Cependant, puisque la mise à distance est encore une forme de contrôle du spectateur et de la spectatrice par le cinéma, peuvent-ils être autre chose que le terrain tragique du jeu cinématographique, entre attraction (immersion) et répulsion (mise à distance) ? En effet, la mise à distance implique quelque part l’impuissance du spectateur qui ne choisit pas d’être immergé ou non. Cette impuissance kafkaïenne suscite une frustration chez le spectateur, à qui l’on promet la réalisation de ses fantasmes mais dont la mise à distance joue de lui. Pourtant, cette frustration pourrait s’avérer nécessaire. En effet, en jouant avec les fantasmes du spectateur, le cinéma le détourne des mythes du réel et lui enseigne le recul. Marilyn Monroe (Ellen) s’y expérimente dans le film inachevé Something’s got to give de G. Cukor (1962). Nick, l’ancien mari de Ellen, la surprend en train de nager dans sa piscine. Elle semble être nue. Elle captive tout d’abord le regard du spectateur en s’adressant à Nick, à la place de la caméra. Puis elle s’approche du bord de la piscine, alors que le spectateur est déjà immergé dans l’eau avec elle par le regard. Elle sort sa jambe de l’eau, et alors que le fantasme masculin de la voir nue s’apprête à être réalisé, elle recule au centre de la piscine. Le recul d’Ellen est aussi la mise à distance du spectateur par rapport au mythe de l’actrice dénudée. Certes, il s’agit du contrôle du spectateur par le cinéma, mais aussi du contrôle de la femme sur son propre corps. Finalement, la frustration engendrée par la mise à distance est le contournement du male gaze.
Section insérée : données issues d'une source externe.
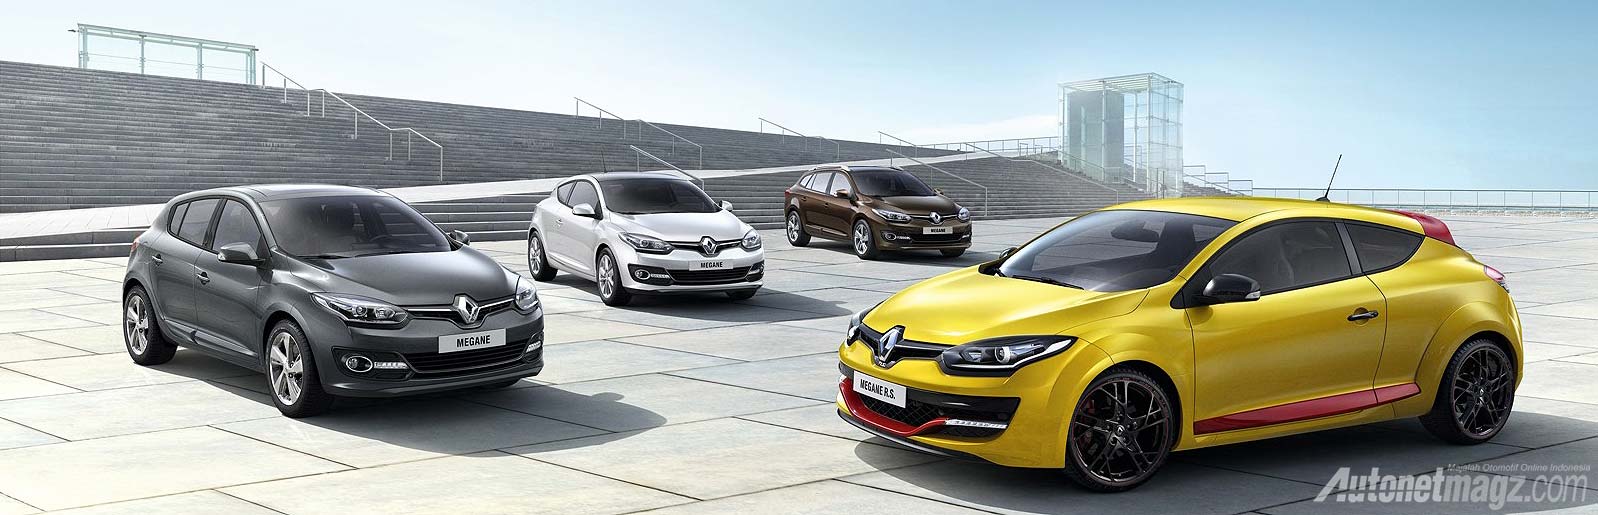 Frankfurt Motor Show 2013, Renault Megane facelift 2014: Renault Megane facelift 2014 Diperkenalkan Sesaat Sebelum Frankfurt Motor Show
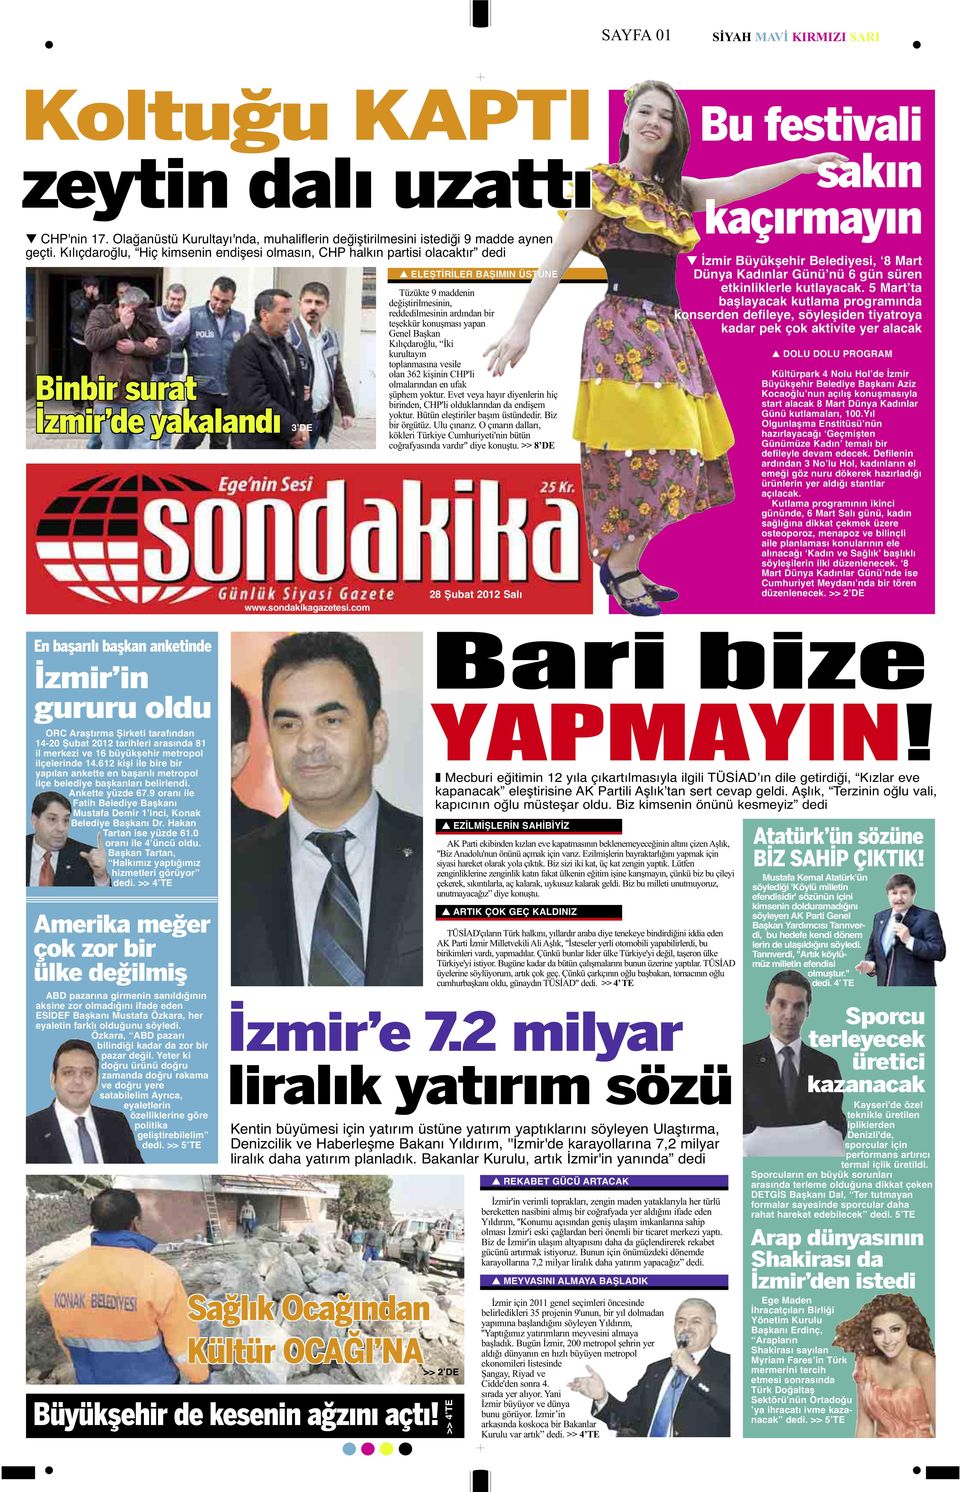 com ELEŞTİRİLER BAŞIMIN ÜSTÜNE Tüzükte 9 maddenin değiştirilmesinin, reddedilmesinin ardından bir teşekkür konuşması yapan Genel Başkan Kılıçdaroğlu, İki kurultayın toplanmasına vesile olan 362

Le film empêche une totalisation du corps féminin en immergeant le spectateur puis en créant une mise à distance en rupture avec son fantasme. Le cinéma se sauve par-là d’une instrumentalisation au service de la classe dominante. La mise à distance devient la condition de sa salvation.

La pratique de l’immersion et de la mise à distance renouvelle ainsi le regard spectatoriel, et plus encore, reconfigure la place du spectateur au sein de la société. La salle de cinéma n’est plus le piège des illusions, mais au contraire l’espace de figuration et de dévitalisation des mythes de la réalité. Cependant, le spectateur et le spectatrice n’en demeurent pas moins dans l’exposé de ce jour le sujet passif de l’immersion et de la mise à distance. C’est pourquoi, nous définirons prochainement la salle de cinéma comme cet espace d’évolution nécessaire où le spectateur-citoyen apprend à être et à agir.